Your assignment:
Transcribe, verbatim, every line from the start of the entries through the line that contains "Runokuvitus, der wirthin"; include both boundary lines and omit all others.

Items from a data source
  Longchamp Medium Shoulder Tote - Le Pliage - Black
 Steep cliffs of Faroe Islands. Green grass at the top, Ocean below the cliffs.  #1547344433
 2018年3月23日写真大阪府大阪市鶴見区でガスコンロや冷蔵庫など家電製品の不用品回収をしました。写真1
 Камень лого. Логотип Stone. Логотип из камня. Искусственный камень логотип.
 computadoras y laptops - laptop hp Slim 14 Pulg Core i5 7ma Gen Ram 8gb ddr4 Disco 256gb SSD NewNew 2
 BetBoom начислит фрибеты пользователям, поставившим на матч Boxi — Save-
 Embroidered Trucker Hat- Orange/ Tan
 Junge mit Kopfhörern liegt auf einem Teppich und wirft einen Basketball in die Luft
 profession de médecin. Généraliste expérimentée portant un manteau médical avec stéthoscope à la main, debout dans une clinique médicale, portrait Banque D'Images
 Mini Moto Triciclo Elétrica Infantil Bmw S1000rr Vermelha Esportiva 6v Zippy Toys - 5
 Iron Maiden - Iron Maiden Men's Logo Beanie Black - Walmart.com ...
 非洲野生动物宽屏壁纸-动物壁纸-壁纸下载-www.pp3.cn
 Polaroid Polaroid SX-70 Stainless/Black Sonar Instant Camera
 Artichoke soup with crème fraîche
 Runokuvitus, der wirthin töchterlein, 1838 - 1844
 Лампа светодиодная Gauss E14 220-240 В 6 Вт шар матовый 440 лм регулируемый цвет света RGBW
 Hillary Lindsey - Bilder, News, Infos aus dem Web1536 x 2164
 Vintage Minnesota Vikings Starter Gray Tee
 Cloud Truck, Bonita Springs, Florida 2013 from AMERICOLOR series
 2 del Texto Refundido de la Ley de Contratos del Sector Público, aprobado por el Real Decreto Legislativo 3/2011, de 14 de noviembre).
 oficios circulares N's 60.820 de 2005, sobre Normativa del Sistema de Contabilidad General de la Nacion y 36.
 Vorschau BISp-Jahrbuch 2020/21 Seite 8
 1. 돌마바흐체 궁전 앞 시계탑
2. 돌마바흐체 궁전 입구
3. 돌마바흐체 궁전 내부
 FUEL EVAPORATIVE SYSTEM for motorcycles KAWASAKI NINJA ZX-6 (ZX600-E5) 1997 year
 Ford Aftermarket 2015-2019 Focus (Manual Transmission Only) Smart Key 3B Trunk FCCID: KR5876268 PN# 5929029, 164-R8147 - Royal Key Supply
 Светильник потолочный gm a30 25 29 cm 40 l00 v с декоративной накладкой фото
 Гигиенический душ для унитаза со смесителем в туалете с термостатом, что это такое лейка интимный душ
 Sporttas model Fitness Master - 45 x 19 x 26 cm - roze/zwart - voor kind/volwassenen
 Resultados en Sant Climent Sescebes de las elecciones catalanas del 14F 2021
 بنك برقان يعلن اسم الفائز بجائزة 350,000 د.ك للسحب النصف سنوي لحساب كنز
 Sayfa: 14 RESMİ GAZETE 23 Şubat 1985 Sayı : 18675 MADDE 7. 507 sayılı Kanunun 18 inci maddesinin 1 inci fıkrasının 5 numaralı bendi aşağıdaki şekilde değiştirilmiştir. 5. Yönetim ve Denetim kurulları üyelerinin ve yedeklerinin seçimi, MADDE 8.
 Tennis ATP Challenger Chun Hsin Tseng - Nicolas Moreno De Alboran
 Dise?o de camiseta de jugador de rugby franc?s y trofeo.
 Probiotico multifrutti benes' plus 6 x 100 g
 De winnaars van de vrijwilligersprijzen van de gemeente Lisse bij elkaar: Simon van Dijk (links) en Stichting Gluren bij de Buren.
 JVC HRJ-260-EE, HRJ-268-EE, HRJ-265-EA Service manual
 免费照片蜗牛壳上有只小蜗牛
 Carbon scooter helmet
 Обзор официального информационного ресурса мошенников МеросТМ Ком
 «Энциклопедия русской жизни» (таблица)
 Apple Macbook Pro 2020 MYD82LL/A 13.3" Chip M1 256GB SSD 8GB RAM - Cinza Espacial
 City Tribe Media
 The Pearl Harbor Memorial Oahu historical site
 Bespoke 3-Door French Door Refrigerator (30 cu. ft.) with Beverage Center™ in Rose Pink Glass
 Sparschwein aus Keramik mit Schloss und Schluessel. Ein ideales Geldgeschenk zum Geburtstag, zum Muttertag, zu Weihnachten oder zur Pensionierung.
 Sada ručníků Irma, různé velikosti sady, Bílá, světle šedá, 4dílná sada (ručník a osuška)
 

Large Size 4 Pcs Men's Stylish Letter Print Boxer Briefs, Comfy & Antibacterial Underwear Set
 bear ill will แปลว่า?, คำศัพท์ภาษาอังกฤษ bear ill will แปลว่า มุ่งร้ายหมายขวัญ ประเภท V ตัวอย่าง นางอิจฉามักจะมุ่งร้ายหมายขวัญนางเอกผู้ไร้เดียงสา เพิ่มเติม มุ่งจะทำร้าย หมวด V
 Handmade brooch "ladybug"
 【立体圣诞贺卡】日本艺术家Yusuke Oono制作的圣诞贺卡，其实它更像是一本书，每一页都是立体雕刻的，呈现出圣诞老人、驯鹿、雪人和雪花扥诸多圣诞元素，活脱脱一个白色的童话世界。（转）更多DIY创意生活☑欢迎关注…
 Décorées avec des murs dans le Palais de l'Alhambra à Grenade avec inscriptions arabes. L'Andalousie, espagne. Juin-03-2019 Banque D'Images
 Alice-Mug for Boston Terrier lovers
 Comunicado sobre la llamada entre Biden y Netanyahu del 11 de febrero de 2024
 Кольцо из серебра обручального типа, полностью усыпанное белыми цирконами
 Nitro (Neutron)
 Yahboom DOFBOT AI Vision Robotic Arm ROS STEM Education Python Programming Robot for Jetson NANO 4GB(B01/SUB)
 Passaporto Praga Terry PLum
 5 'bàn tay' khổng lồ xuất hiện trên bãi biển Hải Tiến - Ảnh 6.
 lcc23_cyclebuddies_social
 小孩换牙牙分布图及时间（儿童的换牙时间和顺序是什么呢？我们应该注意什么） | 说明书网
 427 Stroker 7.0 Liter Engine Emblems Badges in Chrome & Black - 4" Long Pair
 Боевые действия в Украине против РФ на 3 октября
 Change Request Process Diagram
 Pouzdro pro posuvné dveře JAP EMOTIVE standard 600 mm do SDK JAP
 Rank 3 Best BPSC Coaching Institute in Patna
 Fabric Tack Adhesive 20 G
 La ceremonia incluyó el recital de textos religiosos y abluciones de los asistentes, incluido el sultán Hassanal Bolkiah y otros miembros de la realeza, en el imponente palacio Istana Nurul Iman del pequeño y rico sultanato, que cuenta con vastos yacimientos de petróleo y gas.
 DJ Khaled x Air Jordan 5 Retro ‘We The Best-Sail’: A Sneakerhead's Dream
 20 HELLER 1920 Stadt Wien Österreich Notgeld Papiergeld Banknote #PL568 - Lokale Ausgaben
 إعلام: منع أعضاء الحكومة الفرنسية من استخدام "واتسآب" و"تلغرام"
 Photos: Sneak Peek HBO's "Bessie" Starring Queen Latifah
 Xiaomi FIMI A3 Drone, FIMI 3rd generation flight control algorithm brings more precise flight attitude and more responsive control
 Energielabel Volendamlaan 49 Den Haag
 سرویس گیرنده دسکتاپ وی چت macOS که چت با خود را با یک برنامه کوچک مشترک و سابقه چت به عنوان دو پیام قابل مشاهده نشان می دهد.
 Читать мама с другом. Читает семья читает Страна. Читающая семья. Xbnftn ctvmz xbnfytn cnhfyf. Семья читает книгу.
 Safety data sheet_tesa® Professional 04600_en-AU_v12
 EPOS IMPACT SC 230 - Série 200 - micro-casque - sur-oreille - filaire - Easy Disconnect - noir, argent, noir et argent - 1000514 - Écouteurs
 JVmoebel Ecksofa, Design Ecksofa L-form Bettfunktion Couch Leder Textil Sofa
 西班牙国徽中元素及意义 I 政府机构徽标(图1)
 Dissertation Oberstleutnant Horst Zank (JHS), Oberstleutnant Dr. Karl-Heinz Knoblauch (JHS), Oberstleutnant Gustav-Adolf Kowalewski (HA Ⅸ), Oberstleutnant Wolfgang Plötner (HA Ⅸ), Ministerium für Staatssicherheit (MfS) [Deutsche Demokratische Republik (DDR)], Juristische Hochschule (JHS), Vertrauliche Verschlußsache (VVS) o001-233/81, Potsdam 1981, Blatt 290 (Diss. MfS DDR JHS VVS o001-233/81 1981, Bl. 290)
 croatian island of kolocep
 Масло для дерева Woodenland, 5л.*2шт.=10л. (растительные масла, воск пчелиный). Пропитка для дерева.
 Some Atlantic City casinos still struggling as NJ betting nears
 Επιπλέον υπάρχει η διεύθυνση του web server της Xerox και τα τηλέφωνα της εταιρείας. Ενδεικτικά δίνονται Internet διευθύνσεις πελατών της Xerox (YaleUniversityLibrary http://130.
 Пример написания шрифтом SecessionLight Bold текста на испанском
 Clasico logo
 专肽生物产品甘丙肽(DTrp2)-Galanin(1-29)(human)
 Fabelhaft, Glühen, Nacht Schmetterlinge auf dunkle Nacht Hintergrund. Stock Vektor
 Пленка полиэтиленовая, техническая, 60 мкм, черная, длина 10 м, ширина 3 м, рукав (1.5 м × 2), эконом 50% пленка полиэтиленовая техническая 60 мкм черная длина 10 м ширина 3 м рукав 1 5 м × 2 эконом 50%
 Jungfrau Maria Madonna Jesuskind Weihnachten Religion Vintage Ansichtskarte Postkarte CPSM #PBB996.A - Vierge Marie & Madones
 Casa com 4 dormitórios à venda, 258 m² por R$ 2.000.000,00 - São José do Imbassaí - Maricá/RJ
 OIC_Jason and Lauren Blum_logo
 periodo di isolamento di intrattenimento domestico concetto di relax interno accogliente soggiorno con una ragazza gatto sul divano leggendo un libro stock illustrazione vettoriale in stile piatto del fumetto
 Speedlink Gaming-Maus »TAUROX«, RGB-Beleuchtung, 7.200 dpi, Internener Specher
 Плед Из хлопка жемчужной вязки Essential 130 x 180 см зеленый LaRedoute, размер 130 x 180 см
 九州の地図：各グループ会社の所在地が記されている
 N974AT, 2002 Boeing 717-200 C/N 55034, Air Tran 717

Problem solution:
  Longchamp Medium Shoulder Tote - Le Pliage - Black
 Steep cliffs of Faroe Islands. Green grass at the top, Ocean below the cliffs.  #1547344433
 2018年3月23日写真大阪府大阪市鶴見区でガスコンロや冷蔵庫など家電製品の不用品回収をしました。写真1
 Камень лого. Логотип Stone. Логотип из камня. Искусственный камень логотип.
 computadoras y laptops - laptop hp Slim 14 Pulg Core i5 7ma Gen Ram 8gb ddr4 Disco 256gb SSD NewNew 2
 BetBoom начислит фрибеты пользователям, поставившим на матч Boxi — Save-
 Embroidered Trucker Hat- Orange/ Tan
 Junge mit Kopfhörern liegt auf einem Teppich und wirft einen Basketball in die Luft
 profession de médecin. Généraliste expérimentée portant un manteau médical avec stéthoscope à la main, debout dans une clinique médicale, portrait Banque D'Images
 Mini Moto Triciclo Elétrica Infantil Bmw S1000rr Vermelha Esportiva 6v Zippy Toys - 5
 Iron Maiden - Iron Maiden Men's Logo Beanie Black - Walmart.com ...
 非洲野生动物宽屏壁纸-动物壁纸-壁纸下载-www.pp3.cn
 Polaroid Polaroid SX-70 Stainless/Black Sonar Instant Camera
 Artichoke soup with crème fraîche
 Runokuvitus, der wirthin töchterlein, 1838 - 1844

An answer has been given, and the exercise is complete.